Early Silurian (similar to 440 Ma) adakitic, andesitic and Nb-enriched basaltic lavas in the southern Altay Range, Northern Xinjiang (western China): Slab melting and implications for crustal growth in the Central Asian Orogenic Belt

doi:10.1016/j.lithos.2014.07.024

	Early Silurian (similar to 440 Ma) adakitic, andesitic and Nb-enriched basaltic lavas in the southern Altay Range, Northern Xinjiang (western China): Slab melting and implications for crustal growth in the Central Asian Orogenic Belt
	Shen, Xiao-Ming 1,2; Zhang, Hai-Xiang 1; Wang, Qiang 1; Ma, Lin 1; Yang, Yue-Heng 3
刊名	LITHOS
	2014-10-01
卷号	206 页码:234-251
关键词	Adakites Nb-enriched basaltic rocks Slab tearing Crustal growth Altay Range Central Asian Orogenic Belt
ISSN号	0024-4937
DOI	10.1016/j.lithos.2014.07.024
文献子类	Article
英文摘要	As an important part of the Central Asian Orogenic Belt (CAOB), the Altay Range contains large-scale Paleozoic magmatic rocks. However, owing to the lack of precise age constraints, the tectonic setting and petrogenesis of the magmatic rocks in this area have been controversial, which has led to the debate on Phanerozoic crustal growth mechanisms and accretionary orogenic processes in the CAOB. Herein, we report geochronological and geochemical data of the Suoerkuduke adakitic, andesitic and Nb-enriched basaltic (NEB) lavas in the southern margin of the southern Altay Range. LA-ICP-MS zircon U-Pb analyses for five adakitic, andesitic and NEB samples indicate that they were coevally generated in the Early Silurian (similar to 440 Ma).

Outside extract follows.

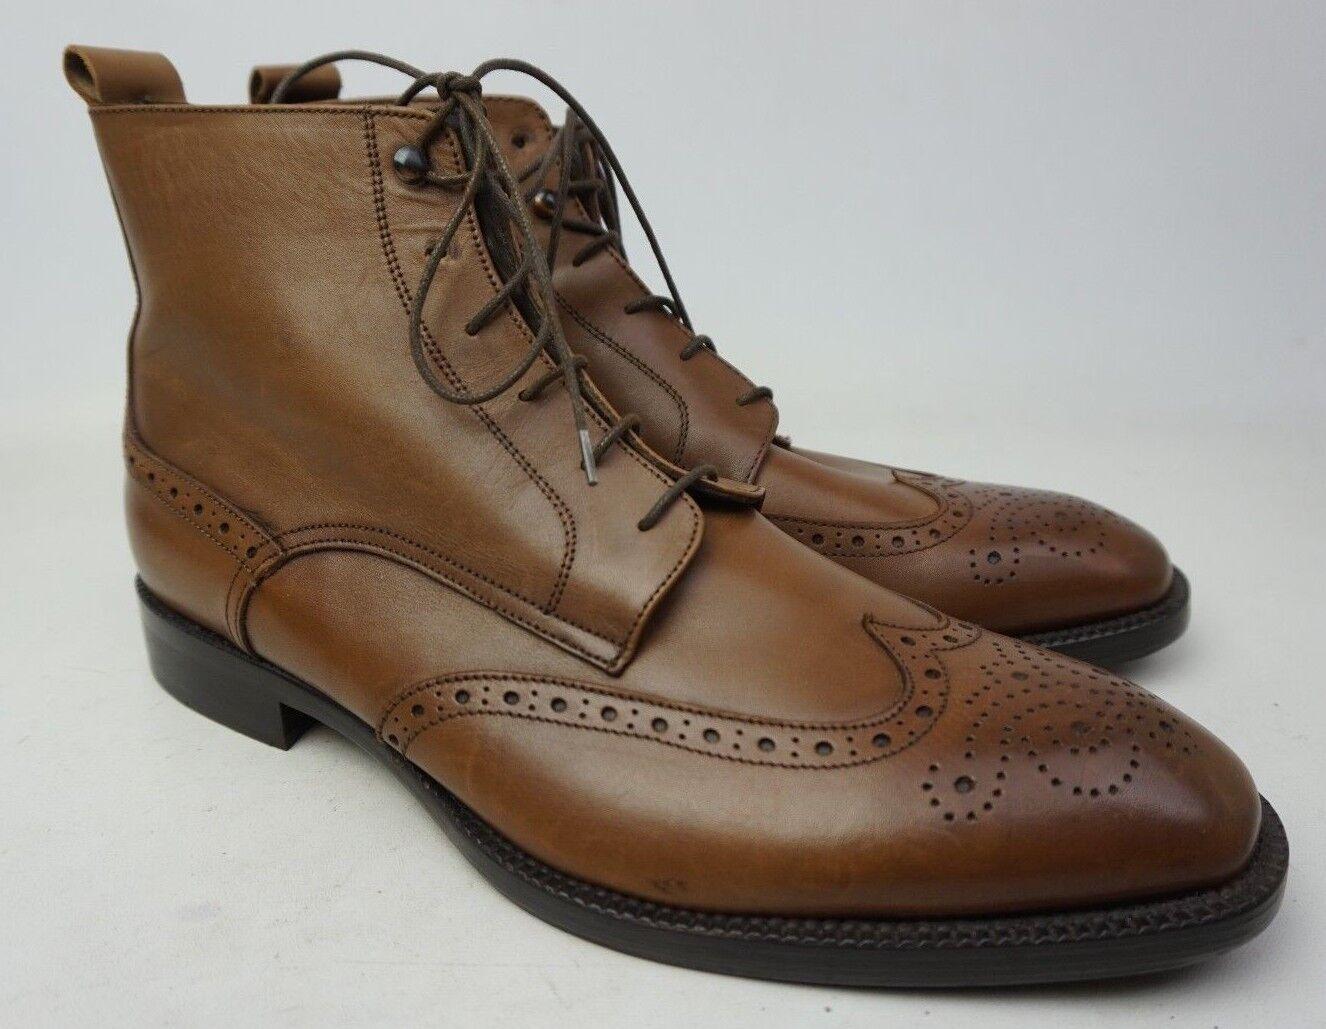 To Stiefel New York Brentwood Wingtip Leather Vitello Cuoio braun Stiefel Größe 11

The adakites and basaltic andesites are geochemically characterized by high Na2O/K2O, Sr/Y, Al2O3, Sr, epsilon(Nd)(t) and zircon epsilon(Hf)(t) values and relatively low (Sr-87/Sr-86)(i) ratios. The NEBs are sodium-rich and have higher TiO2, P2O5, Zr, Nb, and Nb/U values than those of typical arc basalts. They also have positive epsilon(Nd)(t) values and positive and variable zircon epsilon(Hf)(t) values. We suggest that the Suoerkuduke adakites were derived by a partial melting of the subducted oceanic crust with minor overlying sediments, and the continuous compositional variations between adakites and basaltic andesites confirm that the interaction between slab melts and mantle peridotite played an important role in the formation of basaltic andesites. The associated NEBs were possibly generated by a partial melting of mantle wedge peridotites metasomatized by slab-derived adakitic melts and minor fluids. In combination with the occurrence of voluminous Silurian-Devonian granitoids, coeval ophiolite melanges, and a series of intra-arc basins, a slab window model triggered by slab tearing is proposed to account for the formation of the Suoerkuduke adakite-basaltic andesite-NEB suites. The upwelling of the asthenospheric mantle through the slab window probably caused significant extension in the overlying lithosphere; extensive melting of the subducted oceanic crust, mantle and juvenile lower crust; and intense interaction between slab-derived melts or fluids and the mantle wedge. Slab tearing and subsequent asthenospheric upwelling possibly played an important role in the crustal growth of the CAOB during the Phanerozoic. (C) 2014 Elsevier B.V. All rights reserved.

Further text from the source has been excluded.